Таллис встала рядом с широкими плечами мистера Уильямса, сморщив нос от тяжелого запаха табака из трубки ближайшего старика.
— Каждый год он бежит все быстрее, — проворчал старик.
— Это мы стареем, — ответил мистер Уильямс. — Поэтому и кажется, что он бежит быстрее.
— В старину факелы часто тухли, — пробормотал курильщик. — И начинались беды.
— Да уж, сейчас факелы делают получше, — криво усмехнулся мистер Уильямс, и все фермеры рассмеялись.
— Зато в старом факеле была магия, — тихо сказала Таллис.
Мистер Уильямс нахмурился и резко повернулся на стуле. Он довольно тяжело дышал, от его одежды пахло табаком и пивом, хотя он не держал в руке ни трубки, ни стакана. Таллис подумала, что у него очень бледное лицо. Увидев девочку, он мгновенно узнал ее, и его глаза весело сверкнули.
— Неужели? А новый факел? В нем нет магии?
— Только в новой песне, — сказала Таллис. — Ты сам сказал мне.

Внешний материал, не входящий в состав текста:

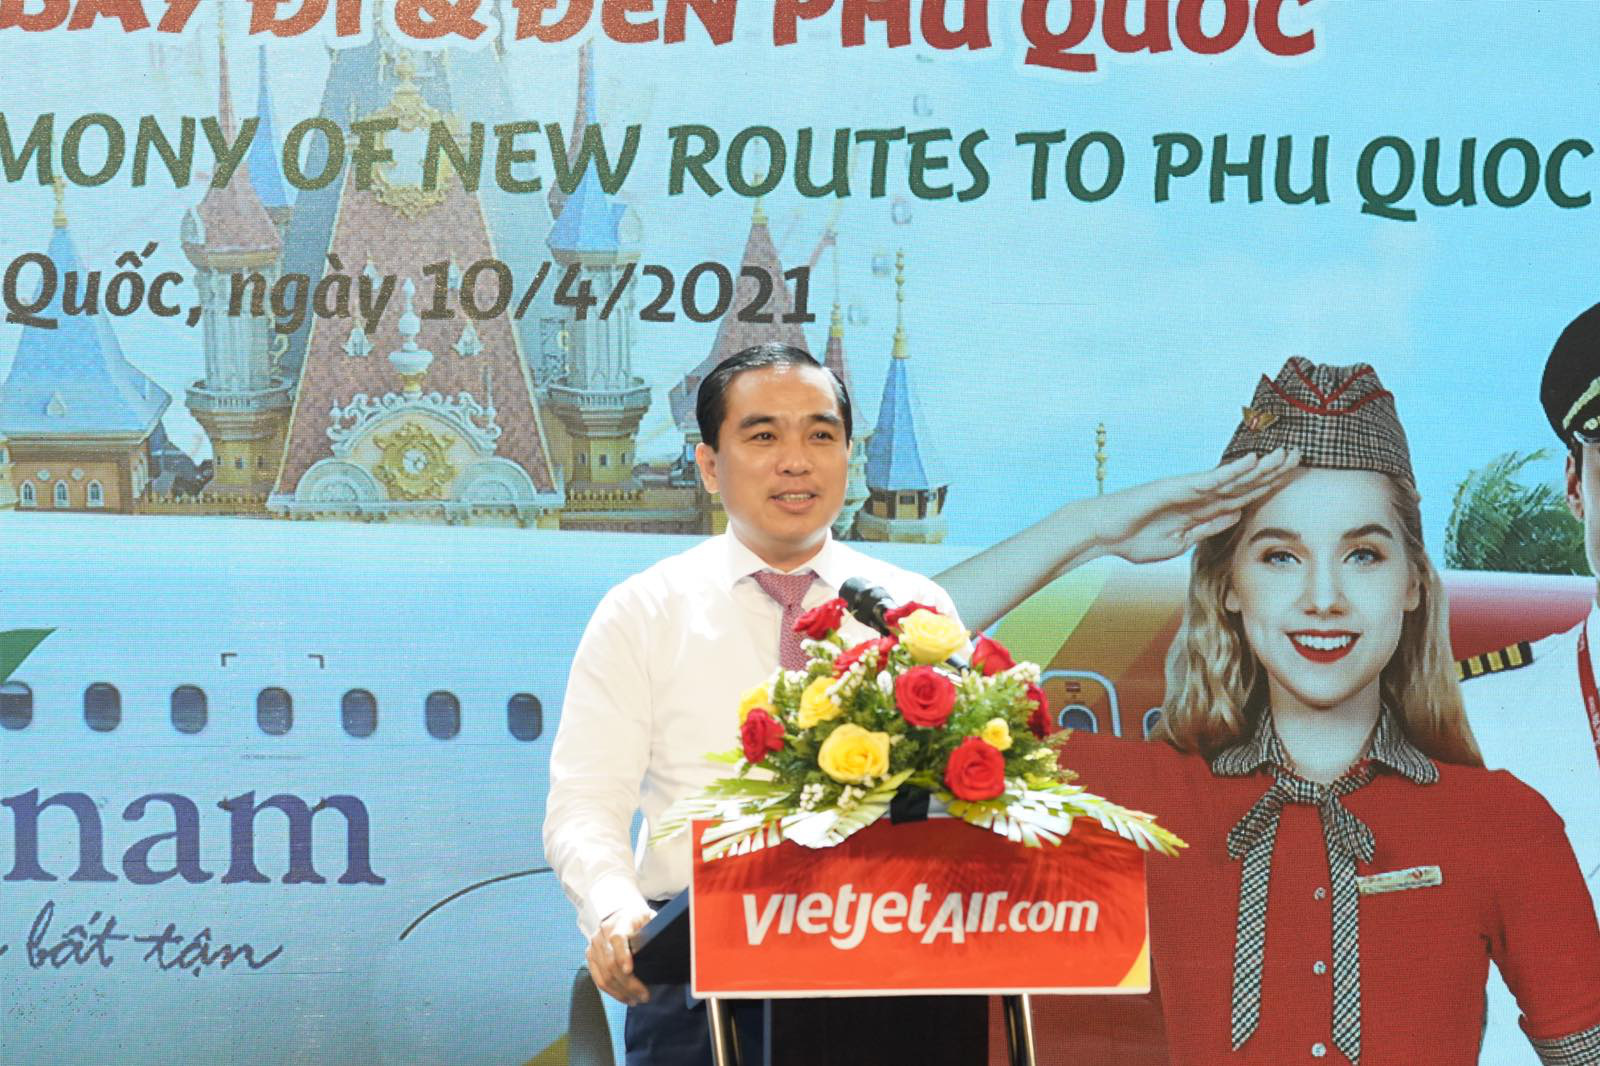 Siêu ưu đãi kỳ nghỉ trọn gói từ 10 đường bay Vietjet tới Phú Quốc - Ảnh 2.

Утром.
— Да, — согласился он, очень довольный. — Да, я сказал.
— И как, нашел?
Он скривился.
—
— И той потерянной песни?
— Нет, увы.
— А у меня для тебя есть одна, — весело сказала она.
— Да ну?
Толпа взревела. Предводитель Теневиков взмахнул факелом и ударил им по умирающему огню; факел ярко вспыхнул, осветив сгустившуюся темноту. Предводитель пересек лужайку, подбежал к воротам церкви и ударил по второму факелу. Потом юноша помчался вокруг центральной площади, и каждый факел на его пути вспыхивал ярким светом. Казалось, за ним льется огненный поток. Кто-то пробежал мимо группы стариков, сидевших на стульях; пламя реяло в спокойном воздухе; ночь запахла смолой. За ним бежали дети, а за детьми — две собаки. Шум сместился от центра деревни к околице, вдоль которой затаились демоны.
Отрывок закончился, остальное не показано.